Еще одна важная функция эротического — открыто и бесстрашно подчеркивать мою способность к радости. В том, как мое тело тянется к музыке и раскрывается в ответ, откликаясь на ее глубинные ритмы, так что каждый уровень, на котором я чувствую, тоже открывается навстречу опыту, приносящему эротическое удовольствие, — танцую ли я, мастерю книжную полку, пишу стихотворение или обдумываю мысль.

Эта разделенная связь с самой собой есть мера радости, которую я способна чувствовать и осознавать, напоминание о моей способности чувствовать. И это глубокое и незаменимое знание моей способности радоваться переходит в требование ко всей моей жизни, чтобы она была прожита в знании того, что такое удовольствие возможно и не обязано называться «браком», или «богом», или «загробной жизнью».

Вот одна из причин того, что эротического так боятся и запирают его в стенах спальни, если вообще признают. Ведь как только мы начинаем глубоко чувствовать все стороны нашей жизни, мы начинаем требовать от себя и от наших жизненных начинаний, чтобы они ощущались в соответствии с той радостью, на которую, как мы знаем, мы способны. Наше эротическое знание наделяет нас силой, становится линзой, через которую мы тщательно рассматриваем все стороны нашего существования, и оно заставляет нас оценивать их честно, с точки зрения их относительной значимости в нашей жизни. И такова большая ответственность, пробивающаяся в каждой из нас изнутри, — не соглашаться на удобное, низкосортное, конвенционально ожидаемое или всего лишь безопасное.

Во время Второй мировой войны мы покупали запечатанные пластиковые пакеты белого неокрашенного маргарина с крошечной яркой капсулой желтого красителя, как топаз, примостившийся под прозрачной оболочкой. Мы оставляли маргарин на некоторое время подтаять, а потом сдавливали эту маленькую капсулу, чтобы она лопнула внутри упаковки и выпустила свою яркую желтизну в мягкую, бледную массу маргарина. Затем, осторожно сжимая ее между пальцами, мы мягко разминали маргарин взад и вперед, снова и снова, пока цвет не распространялся по всему фунтовому пакету маргарина, окрашивая его полностью.

Я вижу эротическое таким ядром внутри себя. Освобожденная из своей яркой и тесной капсулы, она растекается по моей жизни и окрашивает ее энергией, которая возносит, очувствляет и наполняет силой весь мой опыт.

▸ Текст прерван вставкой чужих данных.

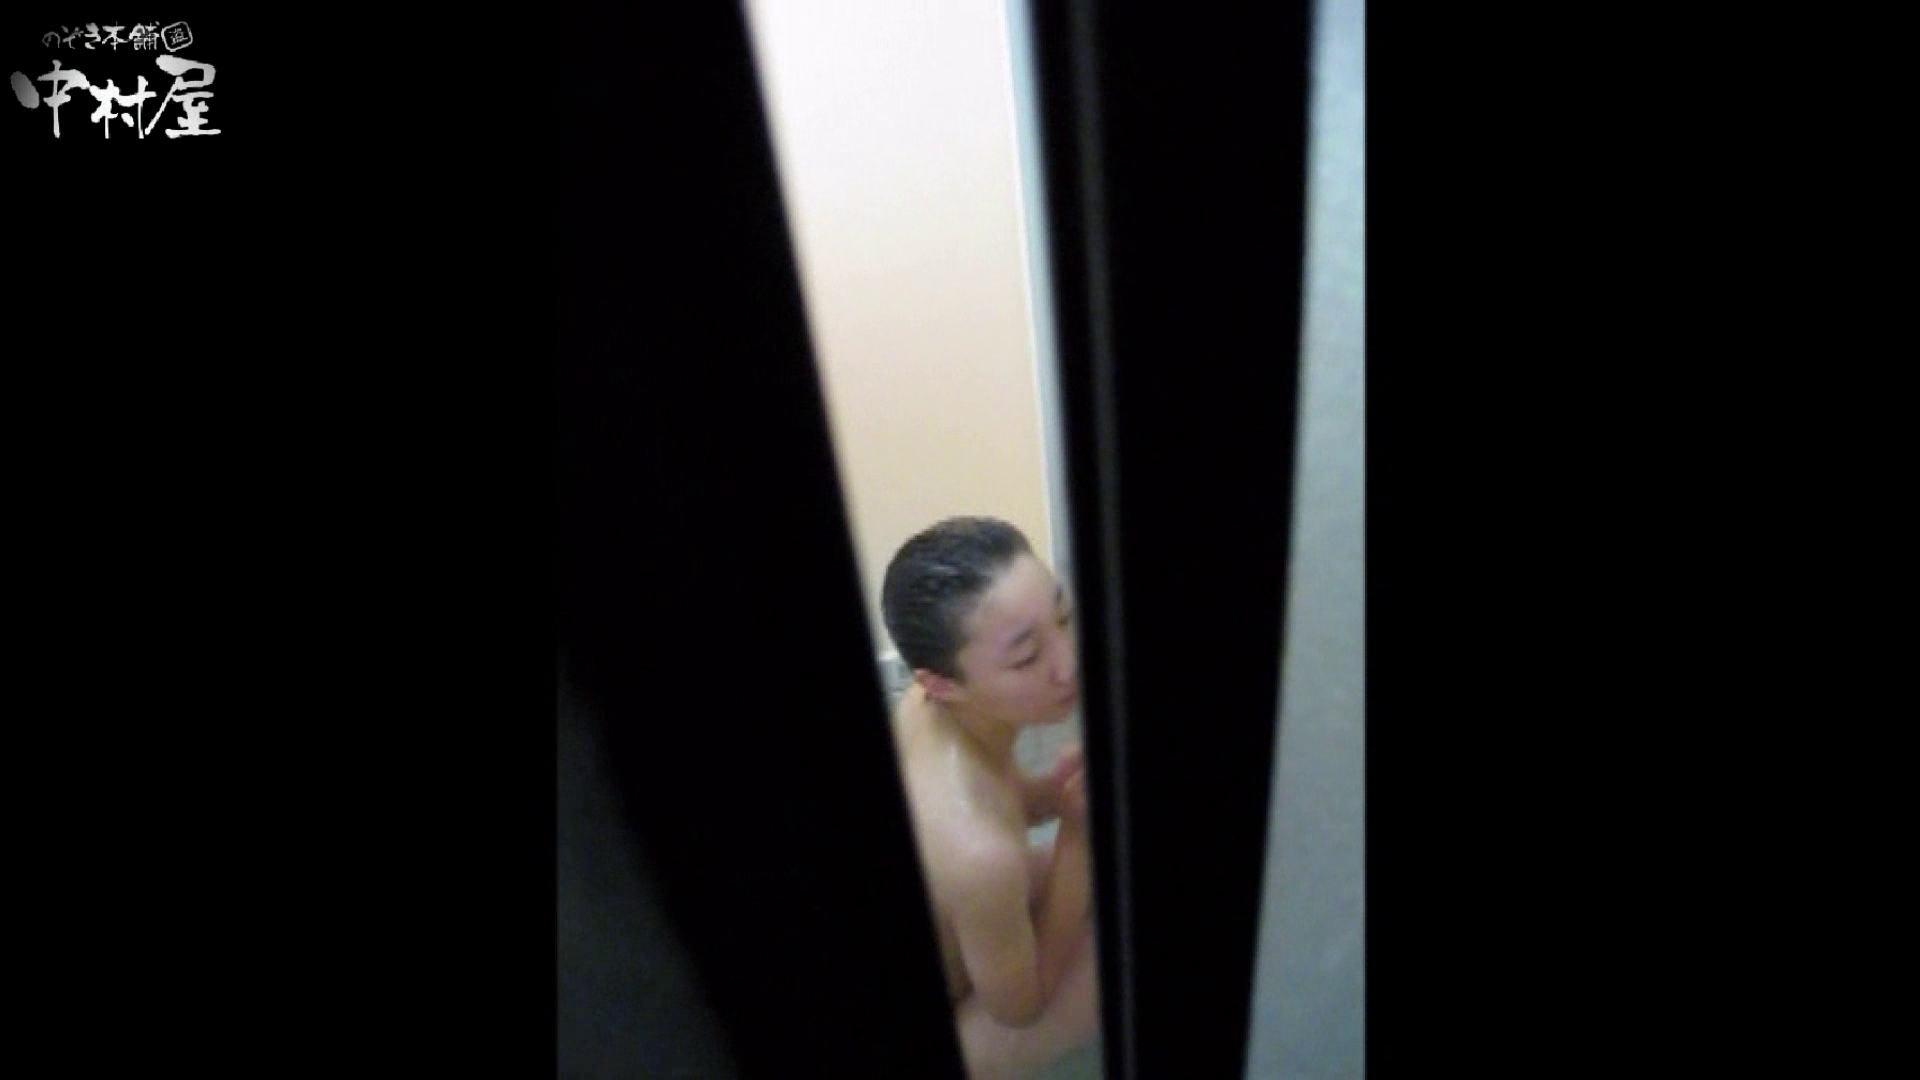 民家風呂専門盗撮師の超危険映像 vol.006 美女 エロ無料画像 109連発 106

Нас приучили бояться слова «да», звучащего внутри нас, бояться наших самых сокровенных желаний. Но если мы признаем их, то те желания, что не улучшают наше будущее, теряют свою силу и могут быть изменены. Пока мы боимся своих желаний, они остаются подозрительными и одинаково, без разбора могущественными, потому что подавлять любую истину — значит придавать ей силу, перед которой не устоять. Страх того, что мы не сможем перерасти те искажения, которые можем найти внутри себя, держит нас послушными, смиренными, подчиненными, определенными извне и заставляет нас принимать множество граней нашего угнетения как женщин.

Когда мы живем вне себя — то есть лишь по внешним предписаниям, а не из нашего внутреннего знания и потребностей, — когда мы отделены от наших внутренних эротических ориентиров, тогда наша жизнь ограничена внешними и чуждыми формами, и мы подчиняемся потребностям структуры, не основанной на общечеловеческих потребностях, не говоря уже об индивидуальных. Но когда мы начинаем жить изнутри наружу, в контакте с силой эротического внутри нас, и позволяем этой силе направлять и освещать наши действия в мире, тогда мы становимся в самом глубоком смысле ответственными перед собой. Потому что по мере того как мы начинаем распознавать свои глубинные чувства, мы неизбежно перестаем довольствоваться страданием и самоотрицанием или же бесчувственностью, что в нашем обществе так часто представляется единственной альтернативой. Наши действия против угнетения становятся неотделимой частью нашего «я», так как обусловлены и подпитываются изнутри.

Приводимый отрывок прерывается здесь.